WASHINGTON (Reuters) - The U.S. government will create a million-barrel gasoline reserve in the Northeast, a reaction to the aftermath of Superstorm Sandy in 2012 when motorists were left without fuel, exposing vulnerabilities in the fuel distribution network.

The Energy Department said on Friday that two sites will each store 500,000 barrels of gasoline by late summer, one near New York Harbor and one in the New England region.

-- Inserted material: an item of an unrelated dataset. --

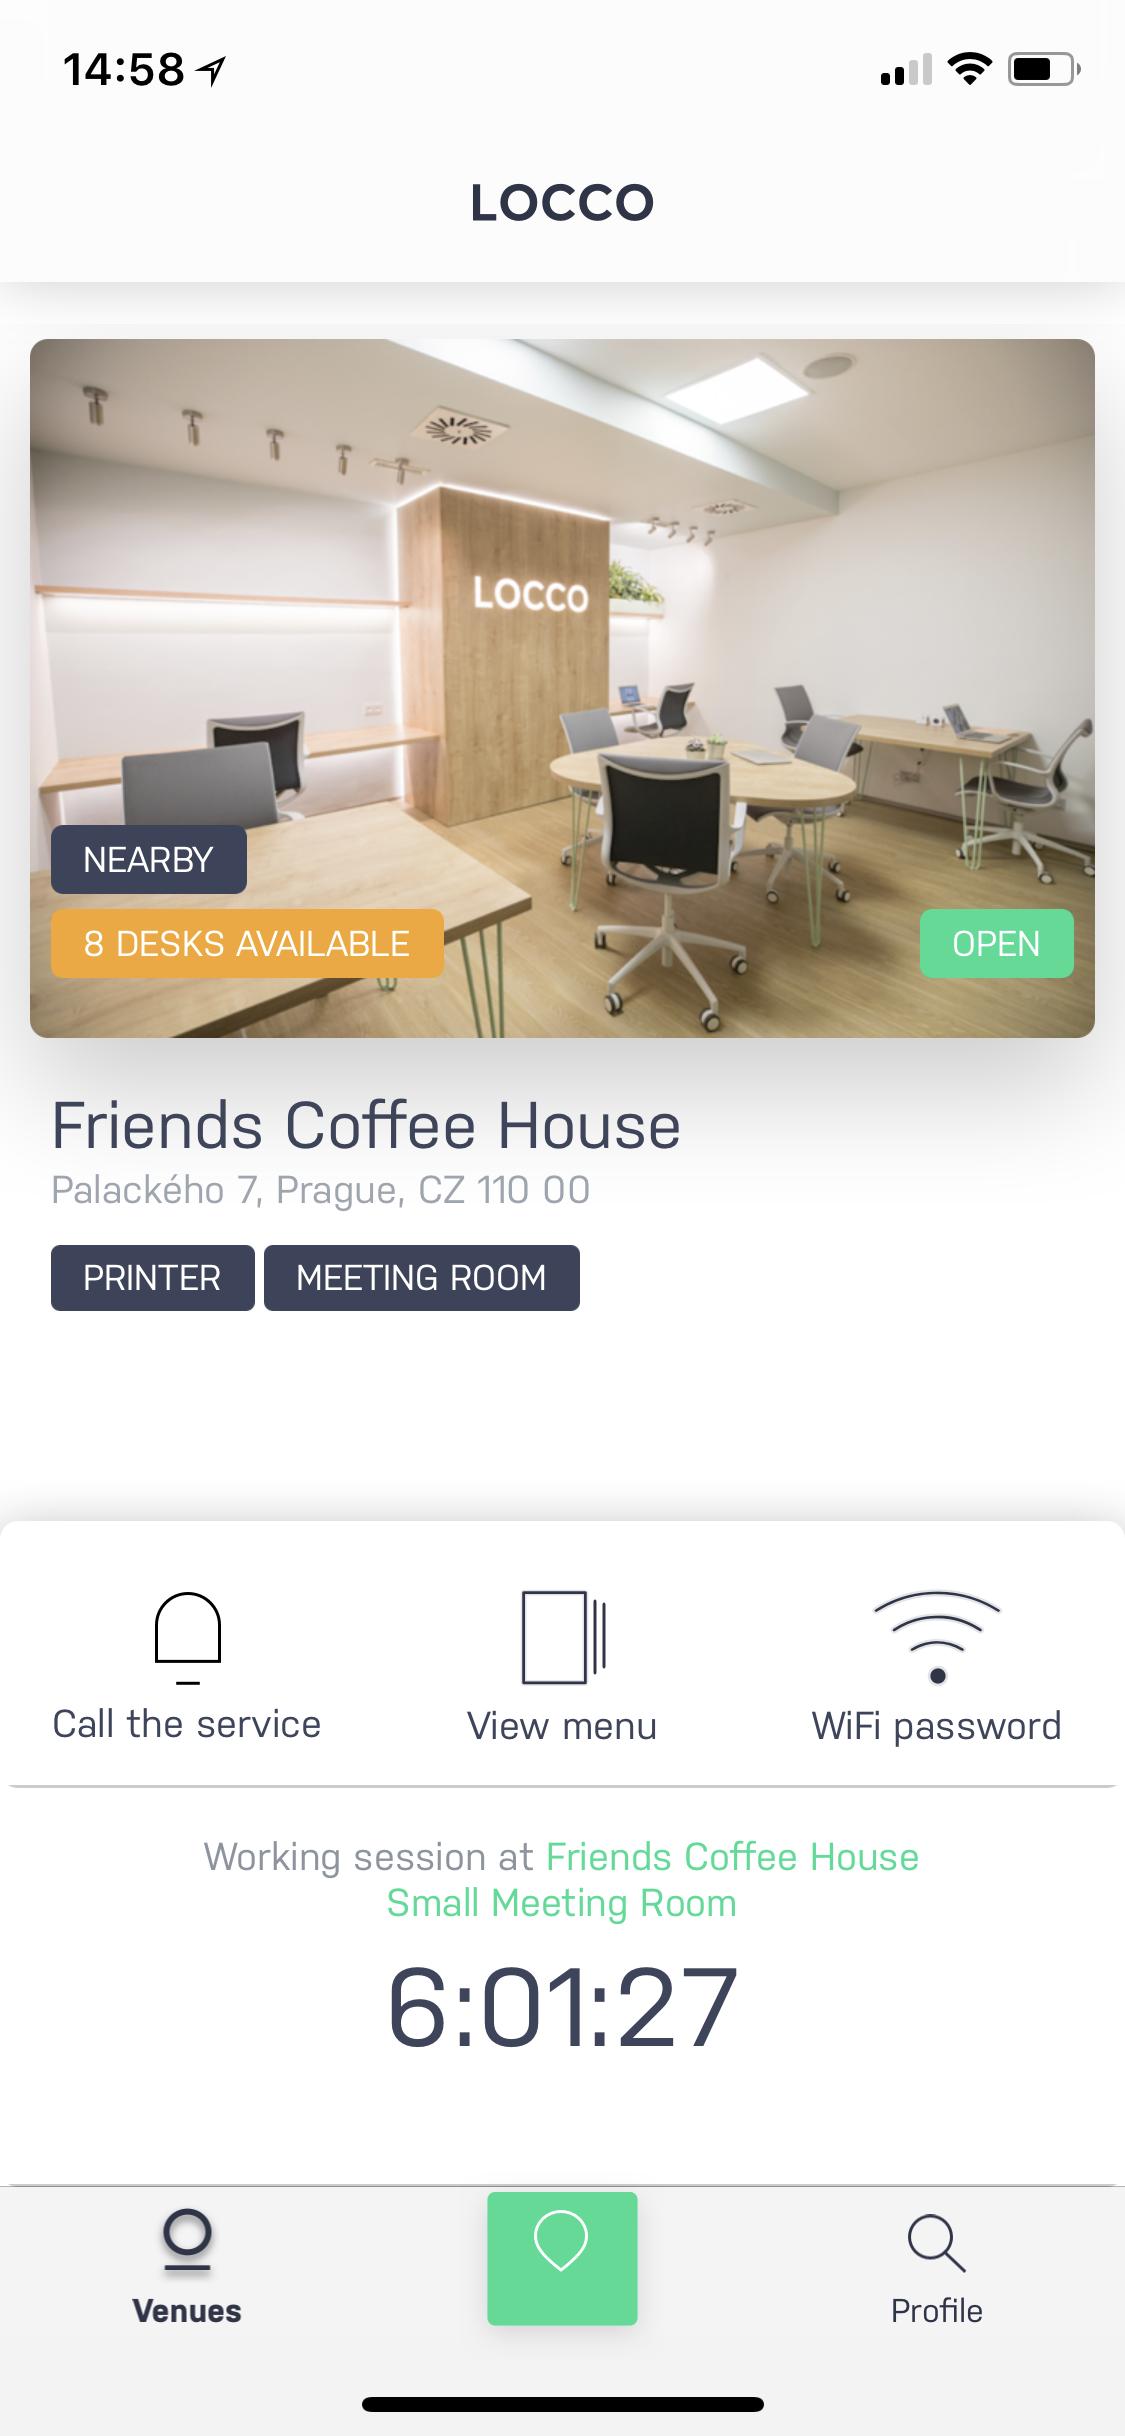 Locco má zatím pouze jednu pobočku v kavárně Friends Coffee House

It said the $200 million emergency reserve would complement an existing heating oil stockpile, which holds a million barrels of diesel fuel.

The department will lease space from commercial storage companies for the emergency stockpile, but it will have to buy the gasoline because it does not currently have reserves of the fuel.

"This is part of a broader commitment to a more secure and resilient energy infrastructure," said Energy Secretary Ernest Moniz on a conference call.

With the Northeast consuming more than a million barrels of gasoline a day, the reserve would be aimed at providing some short term relief for consumers and first responders after major disasters.

Refiners complained they were left out of the decision to create the new reserve.

"Since the decision ... was made with no input from the industry, we question whether due consideration was given to how the gasoline reserve will be filled, managed, and dispersed," said American Fuel and Petrochemical Manufacturers President Charles Drevna.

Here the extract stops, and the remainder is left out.